Even as many small retailers struggle to fill staff positions in a tight labor market, one demographic group store owners tend to shy away from is teenagers.
They shy away from teens despite the fact that retail was the traditional way for teenagers to earn money during the summer, with teens often continuing to hold down those part-time jobs throughout the school year. But according to a recent study from the Pew Research Center, the share of teens with summer jobs has “plunged” since 2000 and retail employment has been hit harder than most other labor sectors, including fast food.
Dave West of the Rolling Pin Kitchen Emporium in Brandon, Fla., thinks he knows why. Teenagers, he says, “are a pain in the ass.” West does not employ anyone under 21 and the youngest staff person currently is 28 years old.
“Their parents never taught them how to behave, there is a poor work ethic and little or no loyalty,” he says. “These are gross generalizations, but you have to go through so many teens to find even one or two good ones. Can you tell I have been doing kids/tweens cooking camps for the past five weeks?”
West like other retailers, including Andrea Miller, marketing manager for Chicago’s The Chopping Block, note that stores selling alcohol have state restrictions that complicate matters when it comes to hiring teens. “The minimum age for employment at The Chopping Block is 18 due to the fact we sell alcohol,” says Miller. “That’s a requirement of the City of Chicago.”
“Labor is a huge issue for everyone right now, for restaurants, fast food and retail. It’s impossible,” says Caren McSherry, owner of the Gourmet Warehouse in Vancouver, B.C. “Teenagers don’t work. They live on their phone. We haven’t hired any in years.”
Retailers who do hire teens, like Jill Foucre of Marcel’s Culinary Experience in Glen Ellyn, Ill., say the younger employees get “overwhelmed by school commitments,” once summer break ends. “The only teenagers I have on my team are the dishwashers in my kitchen for our cooking classes,” Foucre says. “And it is a perpetual revolving door.”
Even though there are more working-age teens today than in 2000, the Pew report notes, “far fewer of them are in the labor force.” Retailers like Foucre have noticed that too. “There are definitely not as many kids as I would think who want jobs and even the ones that say they do then get overwhelmed with school commitments,” she says.
“Trying to fit in a part-time job is very hard for a teen. And we believe their education should be their first priority,” says Martha Nading, owner of The Extra Ingredient in Greensboro, N.C., as to why she opts out of hiring teen-age help. “We’ve always hired college students, we find they are more available and eager for the extra money.”
KC Lapiana of Pittsburgh’s In The Kitchen seeks stability when she hires. “We do not employ teens. We feel our store requires long-term employees for our customers’ enjoyment,” she says adding customer service is paramount. “We also feel that the level of training we provide would not benefit our company in the long run with temporary help.”
“There isn’t enough work to do in my store that doesn’t require a decent amount of training,” says Ben Salmon of Kitchen a la Mode in South Orange, N.J., who says he doesn’t even hire seasonal help. “We don’t have a large team, so it does not make sense for me to hire someone who can’t be in the store alone, whether to cover a break or close.”

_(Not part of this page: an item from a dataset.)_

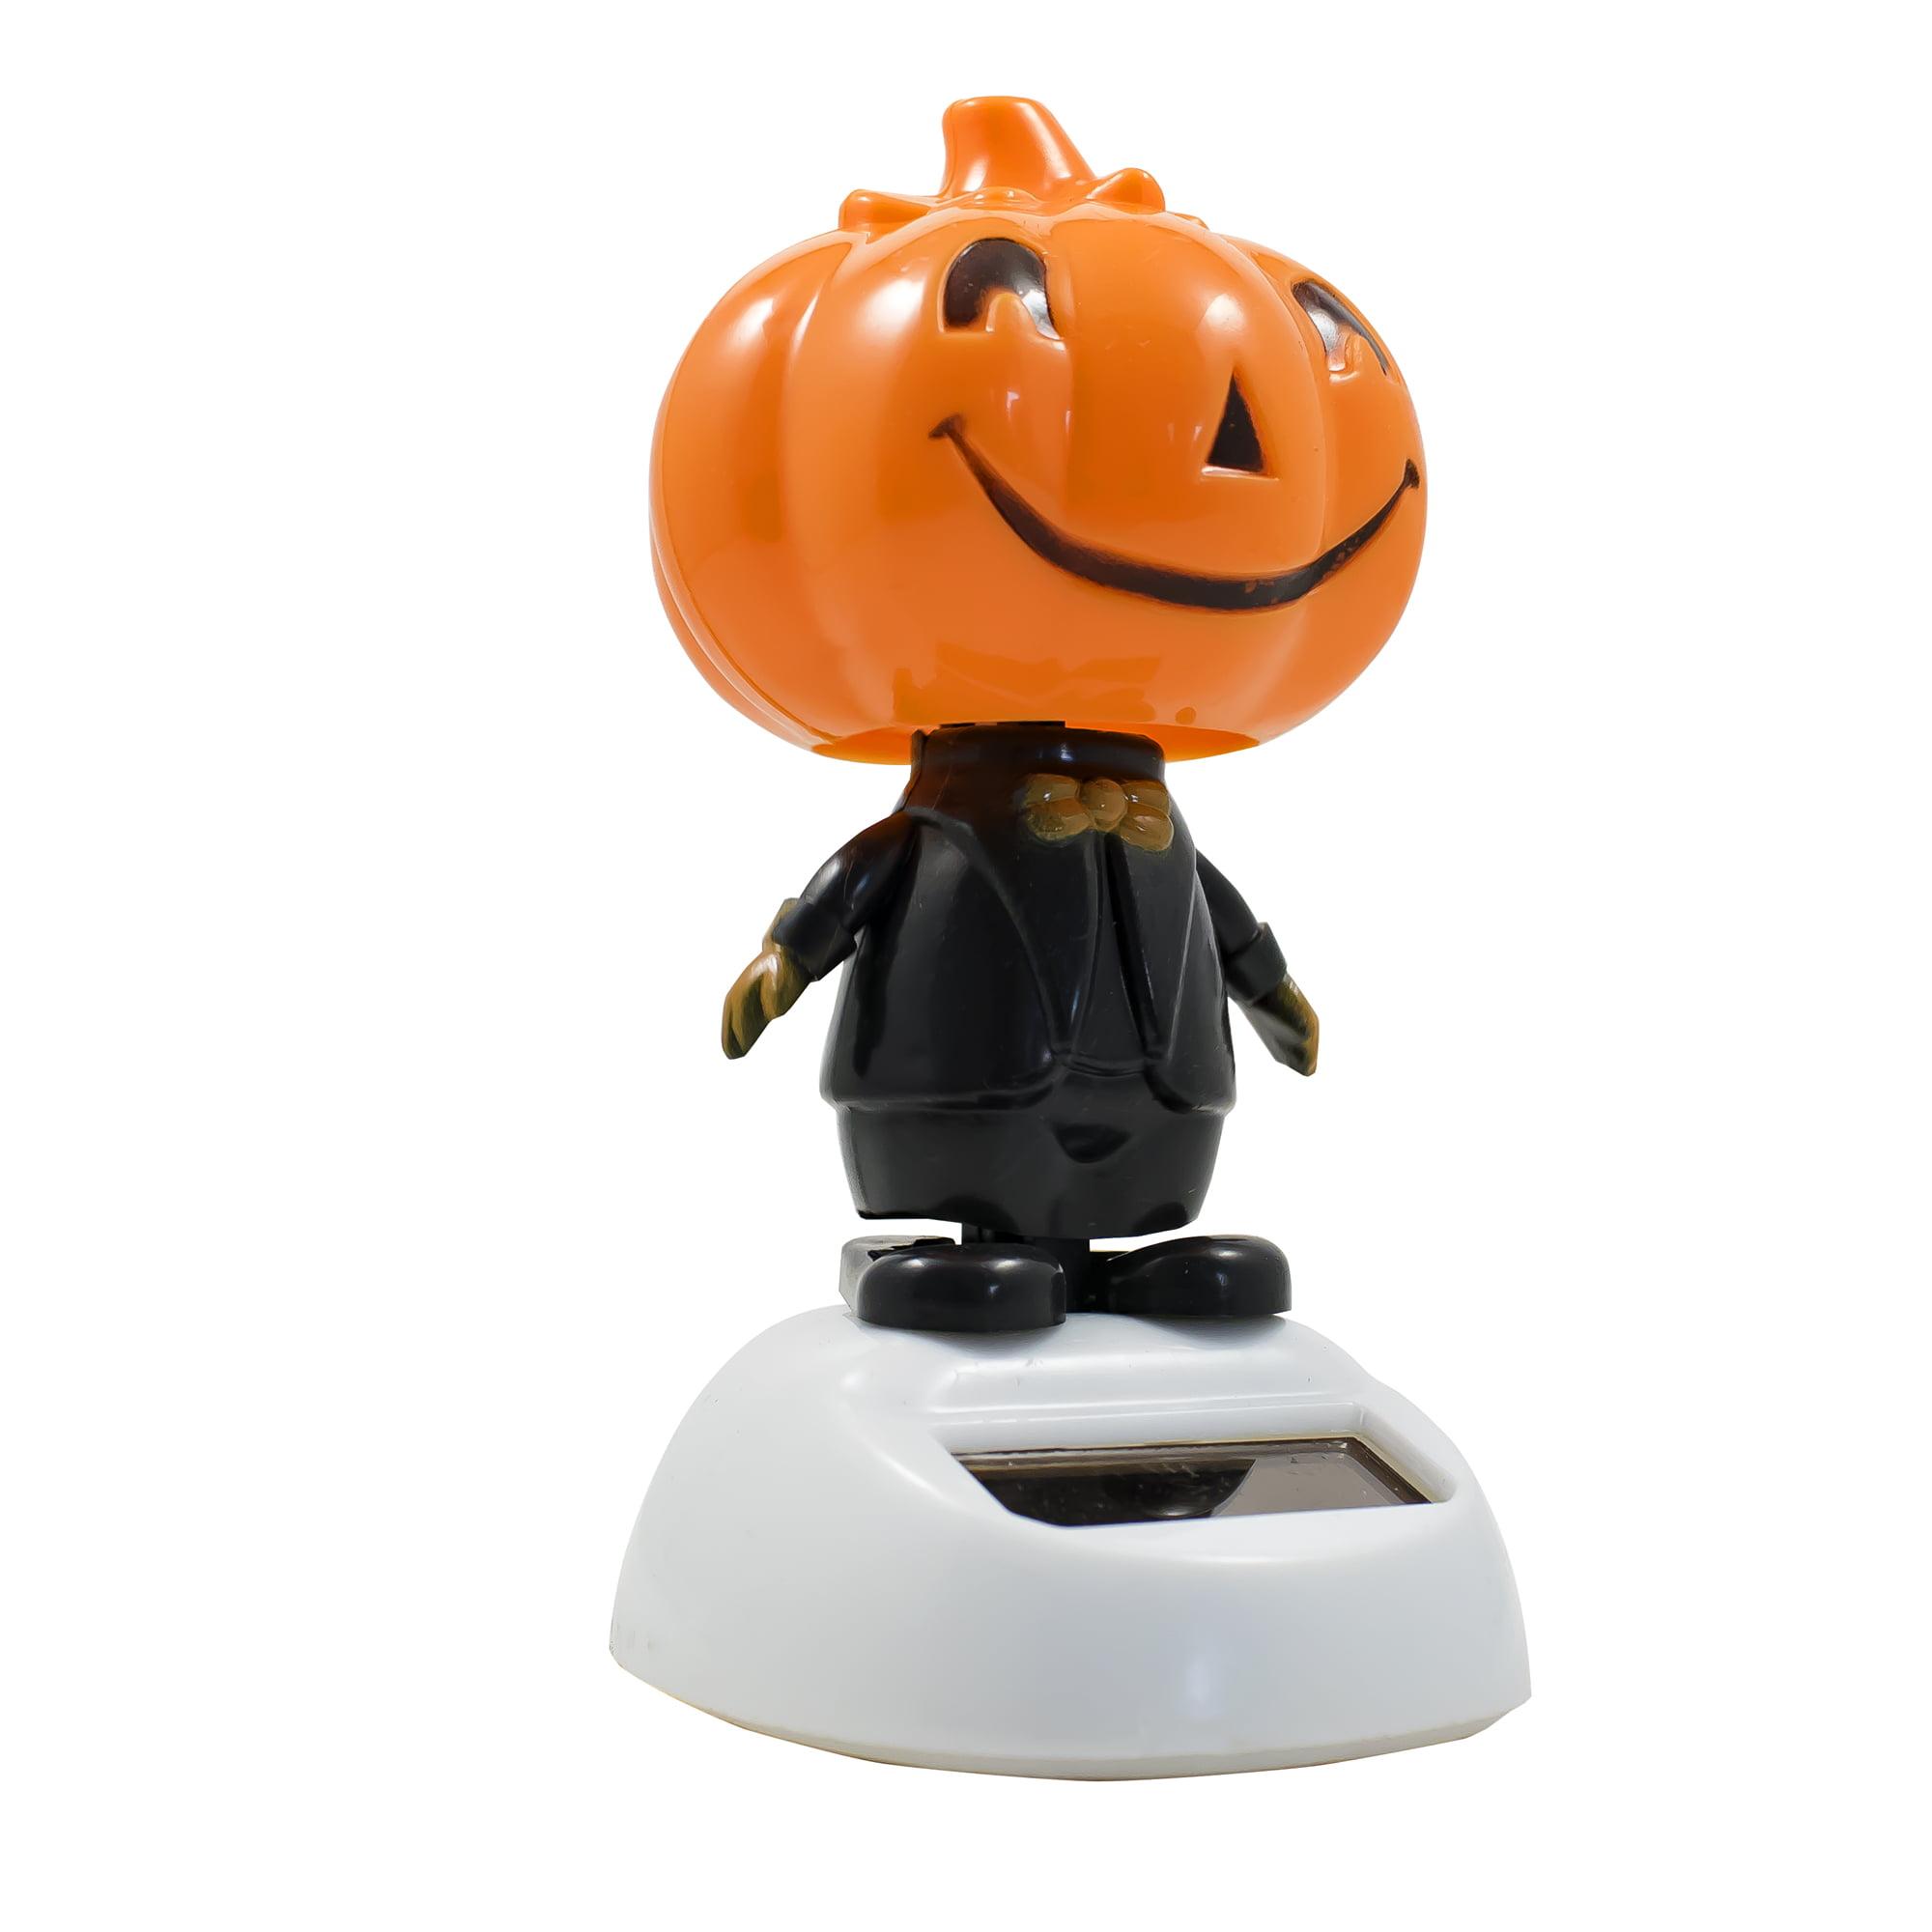 Halloween Solar Power Motion Toy Figurine Light Activated Car Office Home Decor Cute Novelty Gift Suncatcher Smile Pumpkin

But for some retailers, teen help is a good fit. Anne Dowell says she always has a “kid or two” working for her at Apron Strings in Hutchinson, Kan. “I find they will do the menial work without complaining because they like money.” She’ll even give out raises “if they stick around and are good.”
Dowell doesn’t run into many issues: “I have only let one go and she understood why.” Teens working at Apron Strings typically do dishes after cooking classes, dust, restock, unpack inventory and run the price gun, Dowell says.
“Currently I have two neighbor girls that I have known for years working for me. I hope to have both of these girls until they leave for college.” Dowell says she works with the teens she hires by being accommodating to their schedules. “The jobs I have them doing are not related to a specific time of day,” she says. “It works for me.”
And what works for Dave and Mary Weldy, co-owners of the Culinary Apple in Chelan, Wash., is a relationship with their local high school. Think retail staffing farm team.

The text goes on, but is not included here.